No Warrant Needed for Illinois Drug Audio Recordings [FEATURE]

special to Drug War Chronicle by Clarence Walker, [email protected]

No warrant needed for listening in on drug suspects (wikimedia.org)
In Illinois, the war on drugs has delivered yet another blow to citizens' privacy rights. In the Land of Lincoln, it is illegal for citizens to record or videotape Illinois police in public, yet the Illinois legislature last month gave police the right to engage in those very same activities -- without a warrant -- during drug investigations.

On July 24, citing police safety and the need for quicker drug arrests, Gov. Pat Quinn (D) signed into law House Bill 4081, which exempts police doing drug investigations from the provisions of the state's eavesdropping law. It also allows them to audio or videotape drug suspects without having to get a warrant.

Under the bill, sponsored by state Reps. Jehan Gordon (D-Peoria) and William Haine (D-Alton), the normal requirement of a warrant based on probable cause is replaced by the lower and constitutionally-suspect requirement of only reasonable cause. In a further victory for the imperatives of the drug law enforcement, police will be able to bypass judicial scrutiny of their need to record someone and instead will merely have to obtain prior approval from a prosecutor to listen in on suspected drug conversations.

"The world of illicit drugs moves very quickly," explained Terry Lemming, an Illinois State Police commander, during a May hearing on the bill. "It's very difficult to find a judge in the middle of the night. I didn't see the sense in spending all these hours drafting a court order when I could have already gone out and arrested a guy selling on the corner -- and that's the feeling of many narcotic officers."

Riverside, Illinois, Police Chief Tom Weitzel told the Chronicle the new law was desperately needed. Weitzel is a member of the Illinois Association of Chiefs of Police, who, along with his comrades, fought for 14 years to get the law passed.

"The law is critical to undercover narcotic officers for several reasons," he wrote in an email. "First, it's an officer safety issue because many times backup teams are blocks away when drug transactions either take place in cars, within homes or apartments, or just on the streets."

Weitzel even went as far as to say the law would benefit defendants, too.

"The legislation will help secure better evidence for prosecutors and protect suspects from police misconduct, including the fact the same audio recordings made by police can be used by defendants who claim entrapment," he argued.

But while the bill is now law, not everyone is happy about it. Rumblings of discontent have been heard from civil rights advocates, legal experts, and opposing lawmakers.

State Sen. Dan Kotowski (D-Park Ridge) argued during hearings on the bill that if judicial responsiveness is a problem for police, then the fix would be to make judges more available for warrant requests -- not to take them out of the loop.
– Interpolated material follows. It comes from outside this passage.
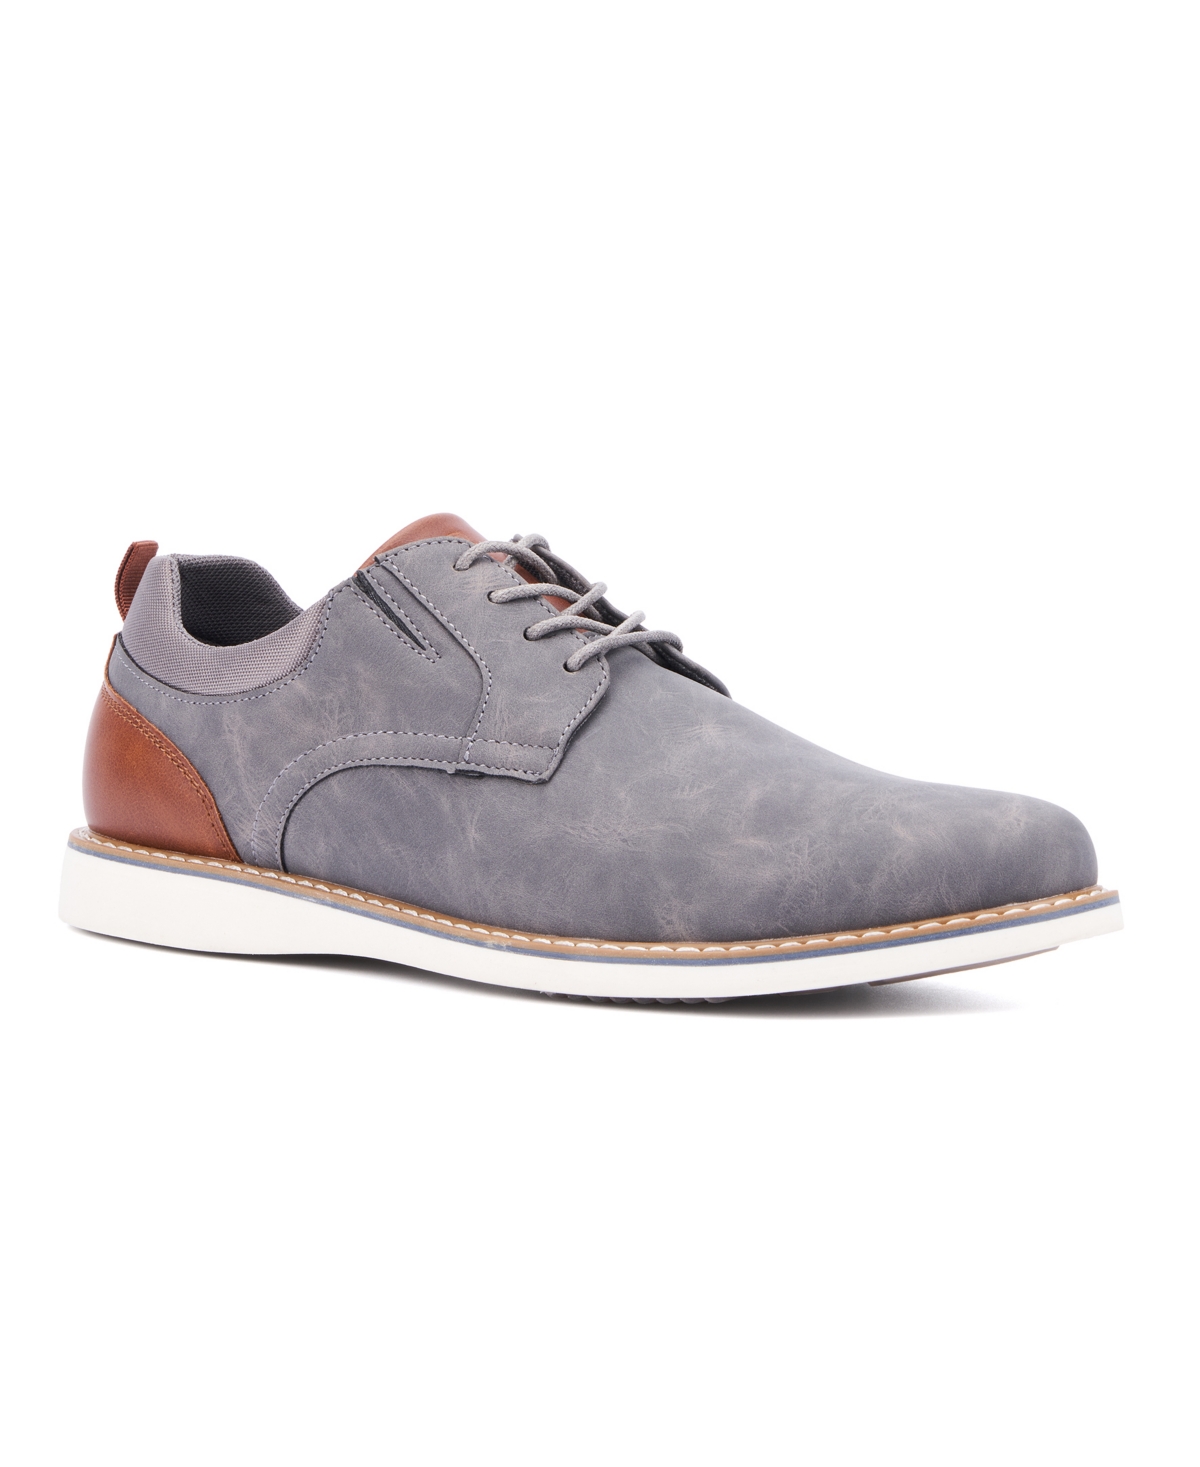 Men's New York Vertigo Oxford Shoes - Gray
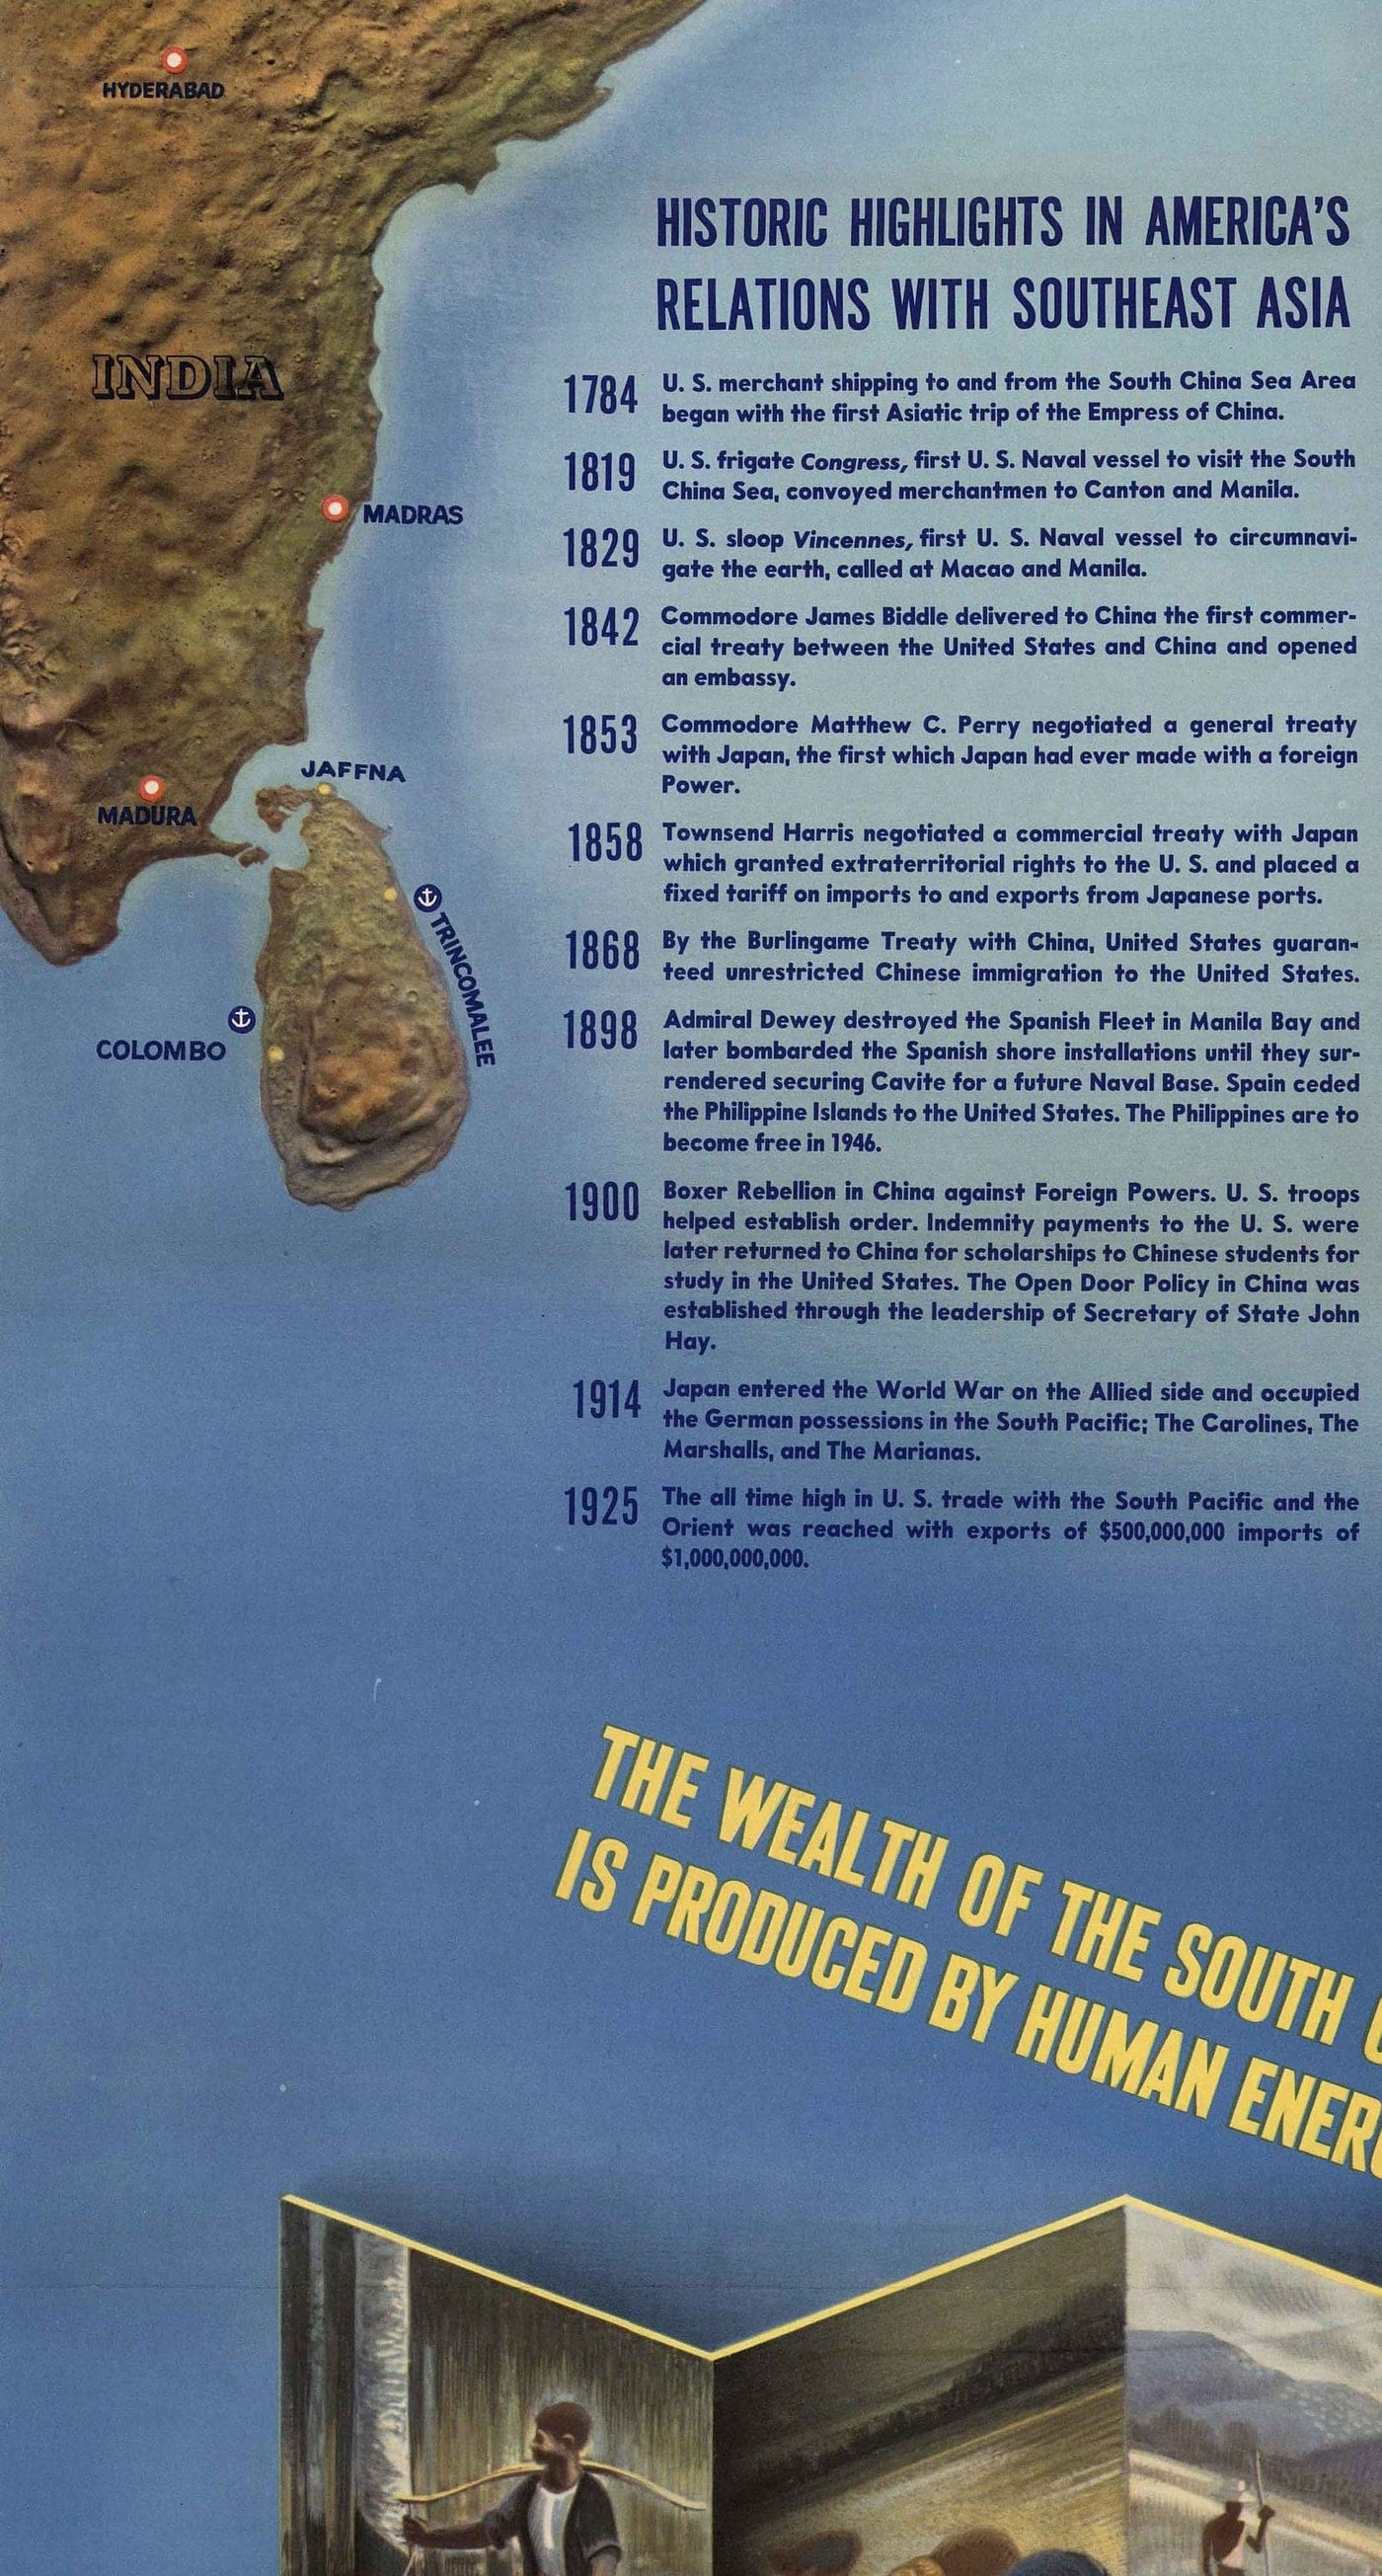 MAPOLE DE LA Guerre mondiale de l'ancienne: mer de Chine méridionale, 1944 - Navwarmap No.2 - Asie du Sud-Est, Indonésie, Malaisie, Thaïlande, Philippines

"I'm struggling with taking away where you'd go to get a judge's approval to have a wiretap," he said.

Under the new law, judges are not completely frozen out of the process, but their role is limited to determining whether evidence gained from a wiretap can be admitted at trial.

"I understand the desire to enhance law enforcement tools to deal with crime, and I am certainly on the side of law enforcement, but it's a very slippery slope we go down when we start removing safeguards that has historically exist to make sure certain tools not be used inappropriately," state Sen. Kwame Raoul (D-Chicago) told the Chicago Tribune.

State Sen. Michael Nolan (D-Elgin) also weighed in on the matter. Nolan's dissatisfaction with the bill is the fact the new law deals with reasonable cause as the standard for having private conversations recorded, as opposed to probable cause, which is the standard bearer for the integrity of the law.

"This legislation does not base that determination of admissibility on 'probable cause,'" he said. "This is basically upending the Fourth Amendment."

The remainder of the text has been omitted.